Но не было голоса у слабого призрака отжившего бога; не было ни власти, ни силы. Вместо них грохотал в небесах и наслаждался могуществом кто-то другой, не обращавший на призрак забытого божества никакого внимания.
Постояв под дождем и обозрев при блеске молний окрестность, печально вздохнула Перунова тень и медленно погрузилась обратно в воды Ярыни, чтобы соединиться со своим неподвижным телом из полуокаменевшего дуба, на илистом дне, где прежнего повелителя небесных пространств и величавого супруга облачных жен ожидали теперь необузданно пылкие ласки ставшей его госпожой болотной бесовки.

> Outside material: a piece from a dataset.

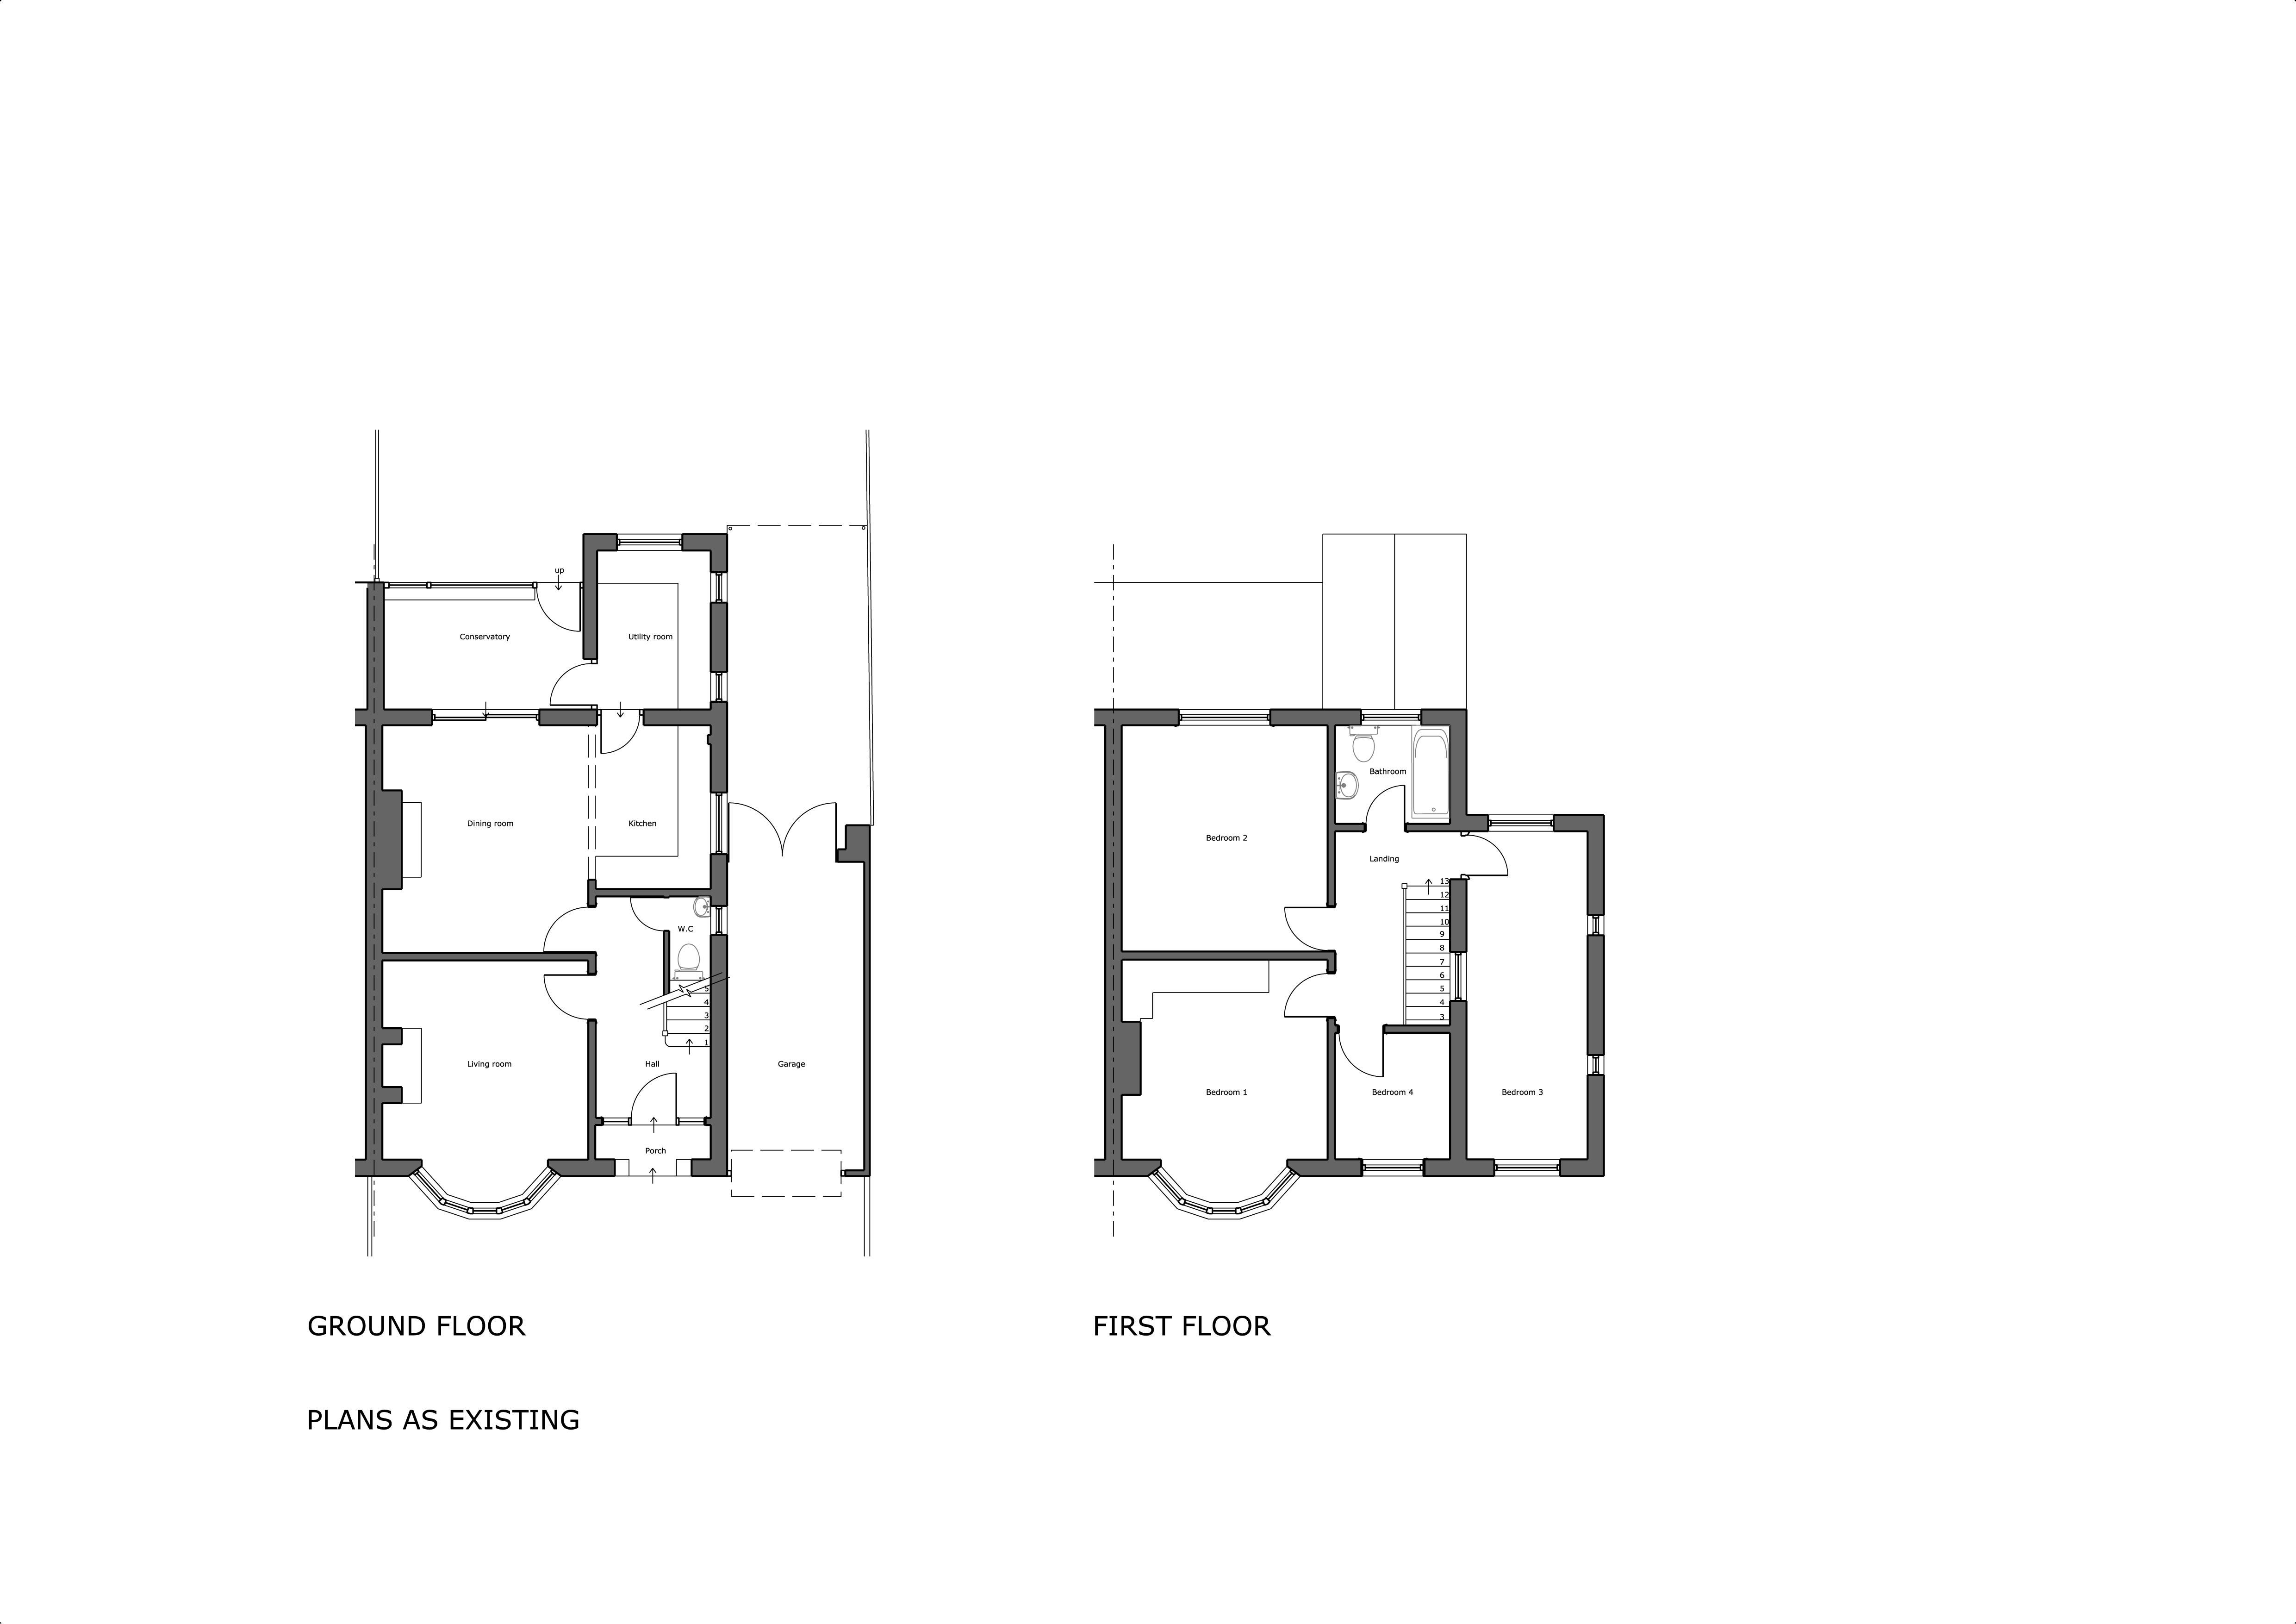 255 Ledbury Rd Existing Plans

Начиналась весна. Обзаведшийся в предыдущем году охотничьим ружьем Сеня Волошкевич жаждал возможности сходить на глухарей.
Стояла ранняя Пасха. Снег сошел уже с полей и лишь кое-где виднелся еще бледными пятнами в сумраке леса. В небе слышалось блеянье «барашка»-бекаса, на разлившихся по полянам лужах крякали от удовольствия утки. Звонко перекликались на болоте вернувшиеся из-за моря длинноногие журавли. Неловко себя чувствовали на желто-серо-зеленой окраске мха и прошлогодней травы не успевшие переменить цвета своего зимнего меха робкие зайцы. Они боязливо жались к лесу, поближе к пятнам еще сохранившегося в его тени снега.

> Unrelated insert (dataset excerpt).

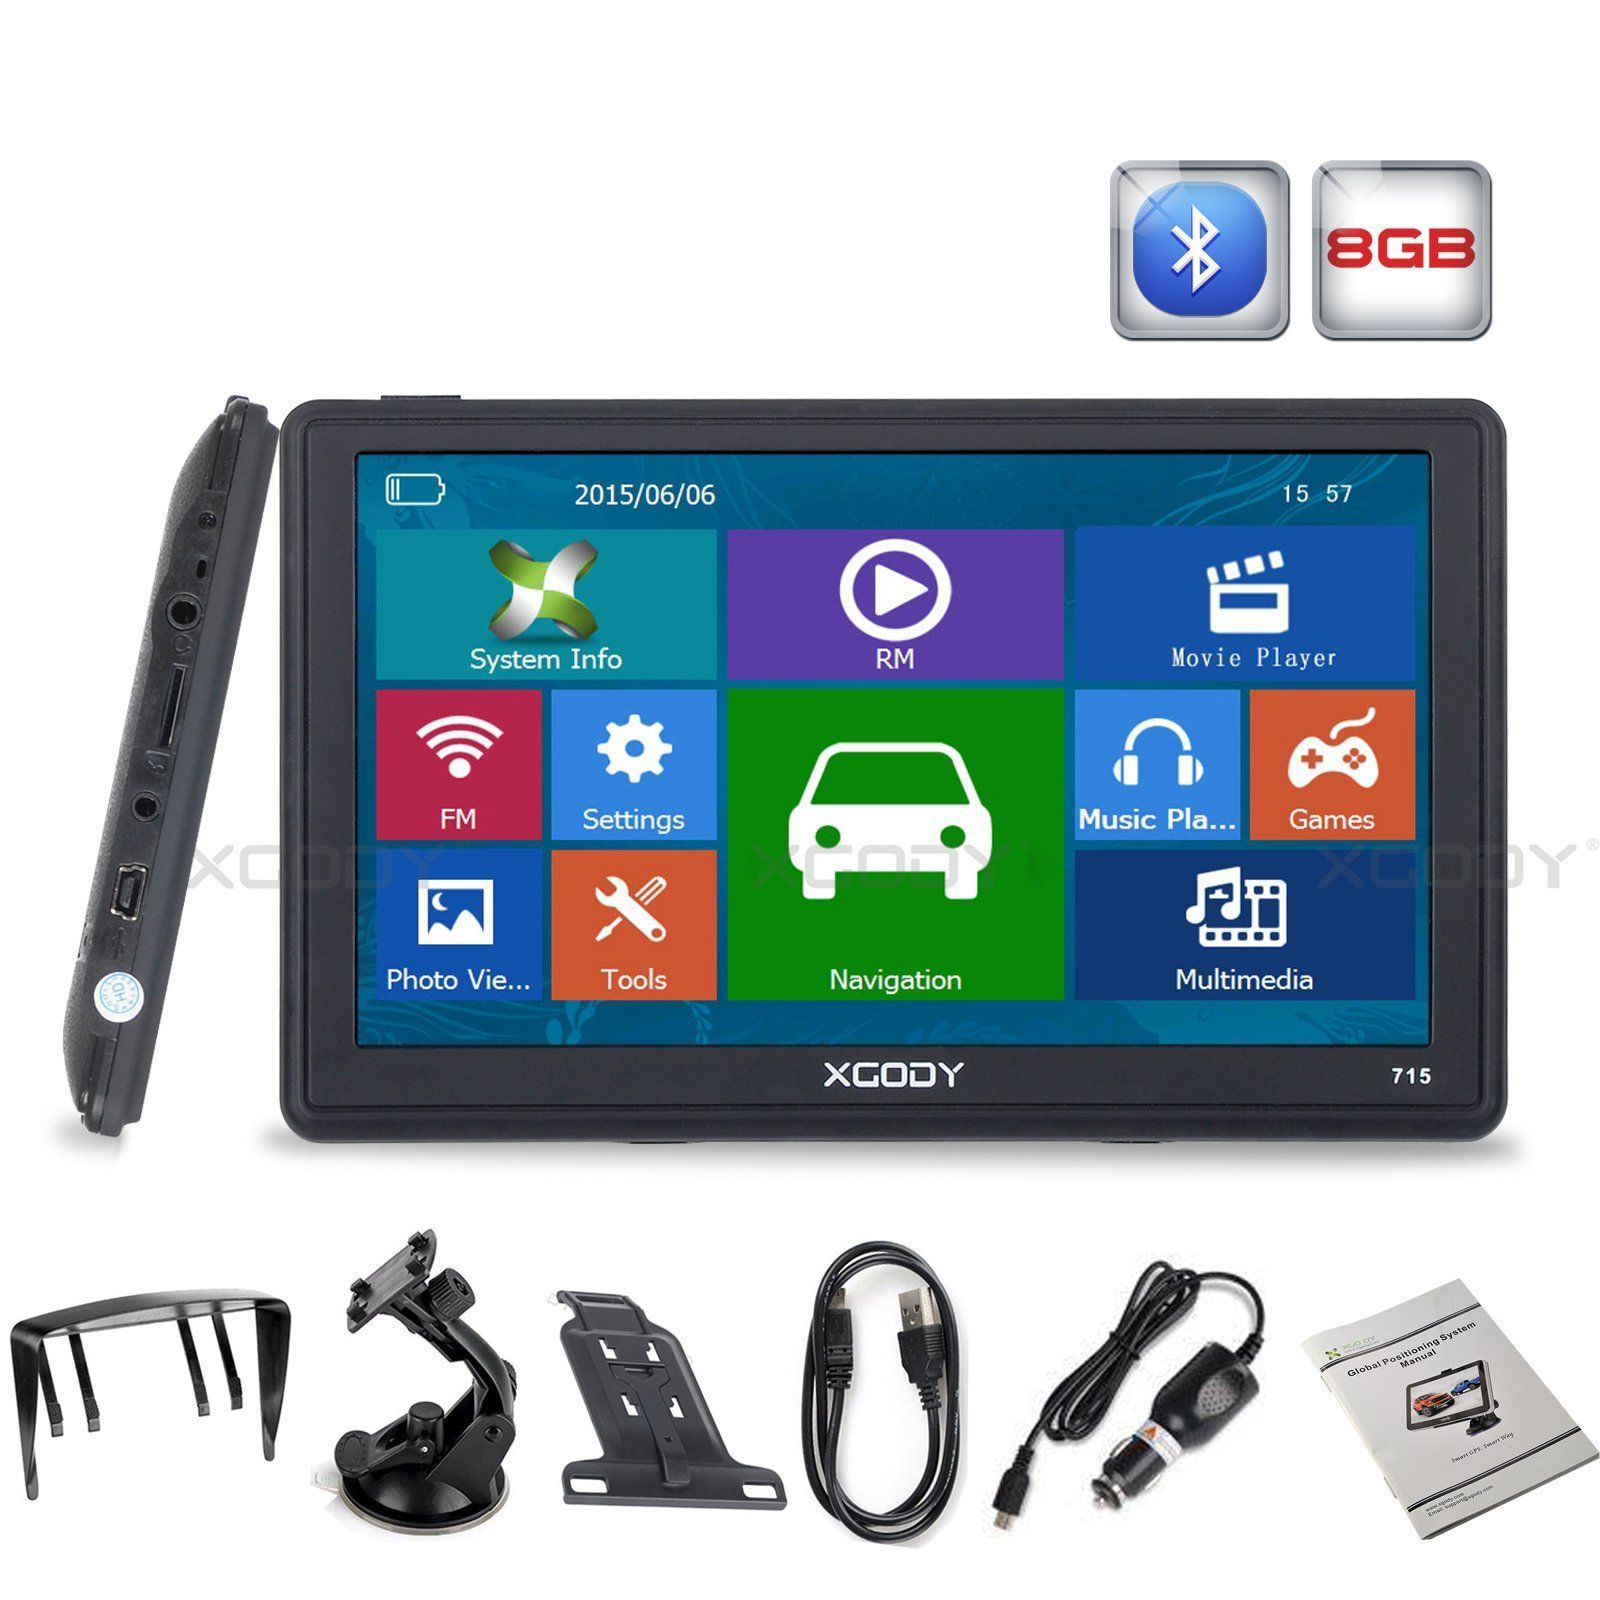 XGODY 7 8GB Truck Car GPS Navigation FM Lorry Sat Nav Navigator Bluetooth AV-IN

За бутылку водки «баловавшийся» ружьишком и знавший место глухариного тока старый Федот согласился взять с собою Сеню, и оба охотника еще до заката солнца вышли из деревни, так как о места тока было неблизко.
Федоту хотелось попасть на вечерний налет, и он торопливо шагал по тропинке, нисколько не обращая внимания, поспевает ли за ним обвешанный сумкой, ружьем и прочими охотничьими припасами Сеня.

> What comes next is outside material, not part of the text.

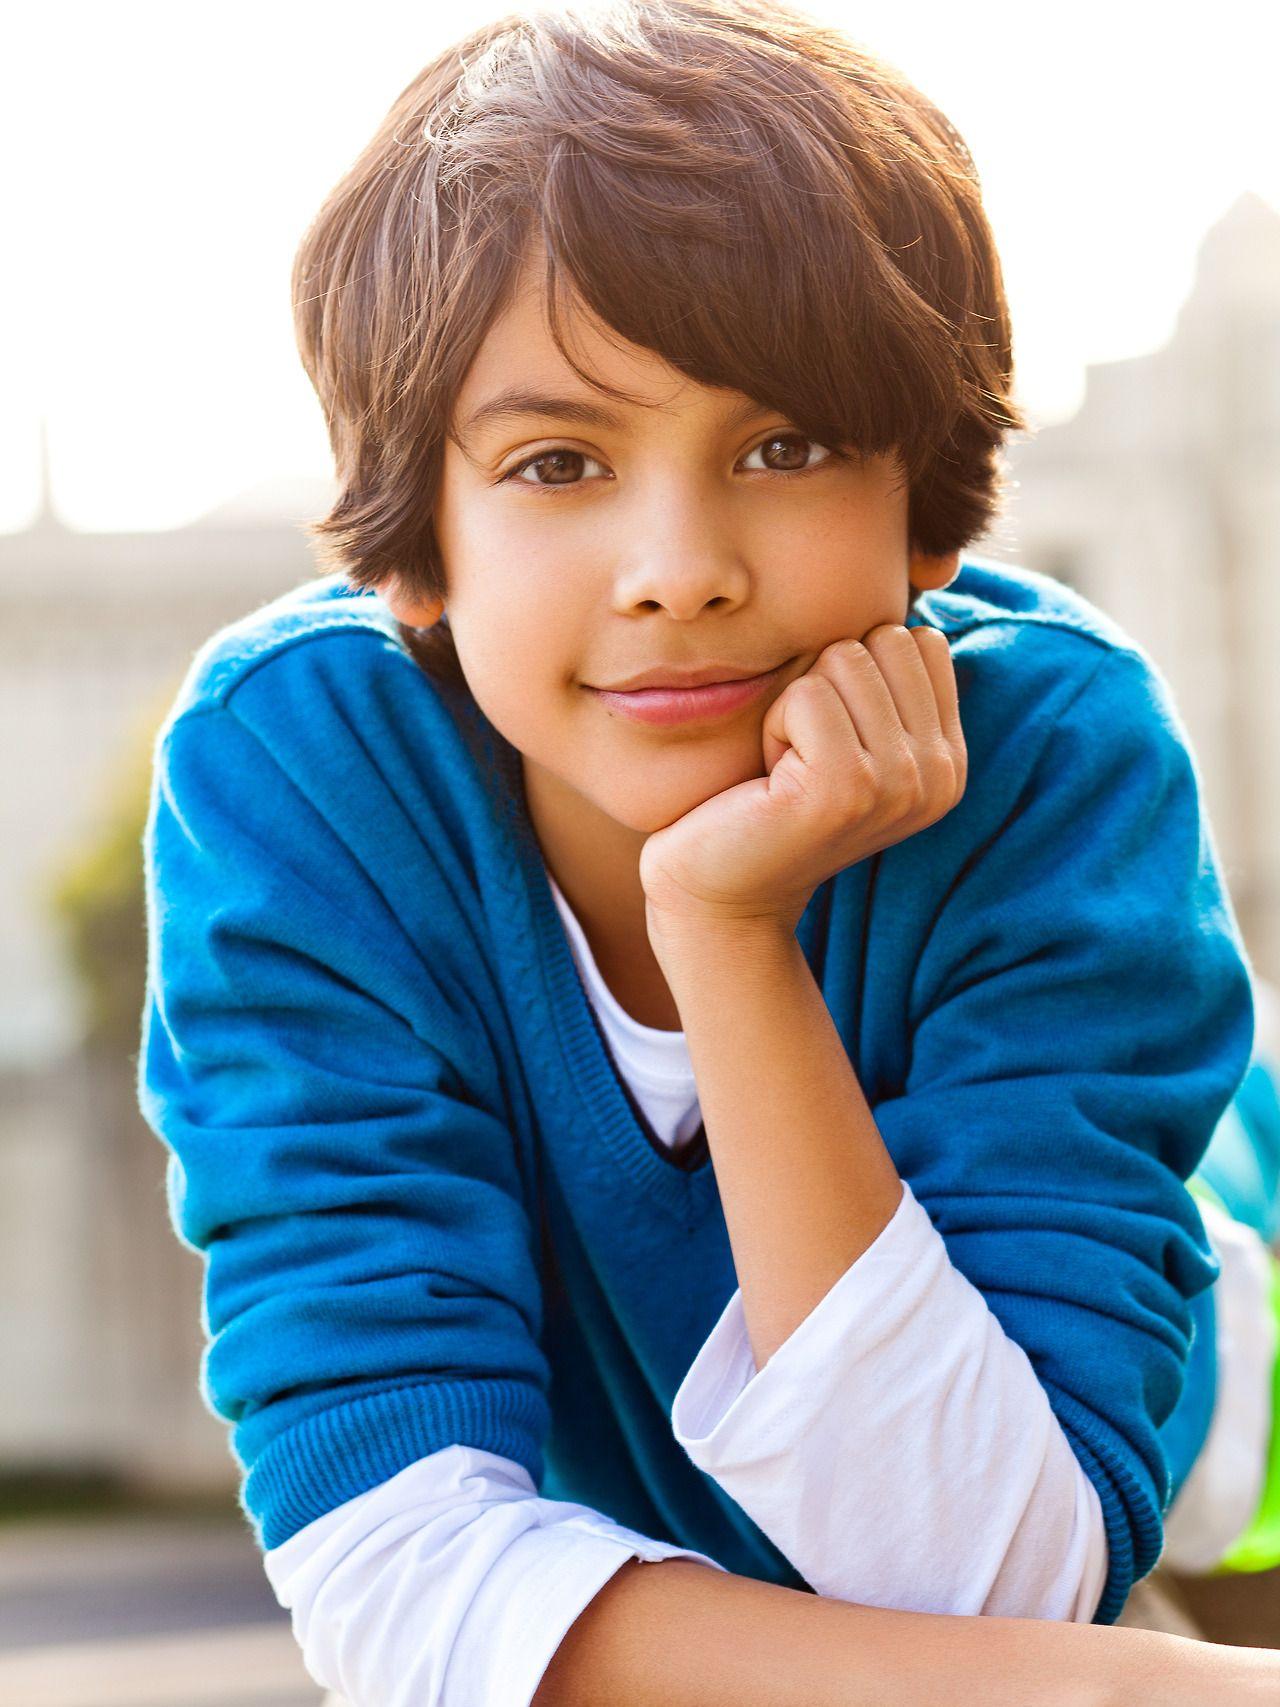 Pin by jarmila vereski on detiČky pinterest boy hair haircuts

Они уже давно оставили за собою ветхий мост чрез Ярынь и прибрежные луга и, следуя вдоль опушка леса, добрались до болота. Там, где было очень топко, обладавший хорошей памятью Федот довольно быстро находил настланные по мху, попарно и по три в ряд лежащие, связанные вместе ивняком длинные жерди.
Как ни торопились Сеня с Федотом, но к началу вечернего налета не поспели. Когда охотники подходили к подымающемуся из болота невысокому песчаному холму, солнце уже село. Раза два по пути они слышали хлопанье крыльев перелетающих глухарей.
Взобравшись на пригорок, путники остановились. Сперва Федот, а за ним и подражавший старому охотнику Сеня сняли с плеч ружья, повесили на высоте человеческого роста свои сумки и, тяжело дыша от быстрой ходьбы, присели на песок. Сердца их сильно стучали…
Где-то далеко пролетел, фитькая и похоркивая, вальдшнеп. Какая-то бессонная птичка вывела несколько раз свою песенку. Совсем близко кружился, жужжа, падал и снова начинал кружиться большой жук-навозник. Опять захлопал неподалеку, ломая сухие тонкие сучья, взлетающий на дерево глухарь…
Кругом быстро темнело. Сидя под старой сосной, среди зарослей вереска, охотники вслушивались в голоса леса.
Федот соображал, будут или нет токовать с вечера глухари, а Сеня, позабыв все на свете, погрузился в созерцание засыпающей природы…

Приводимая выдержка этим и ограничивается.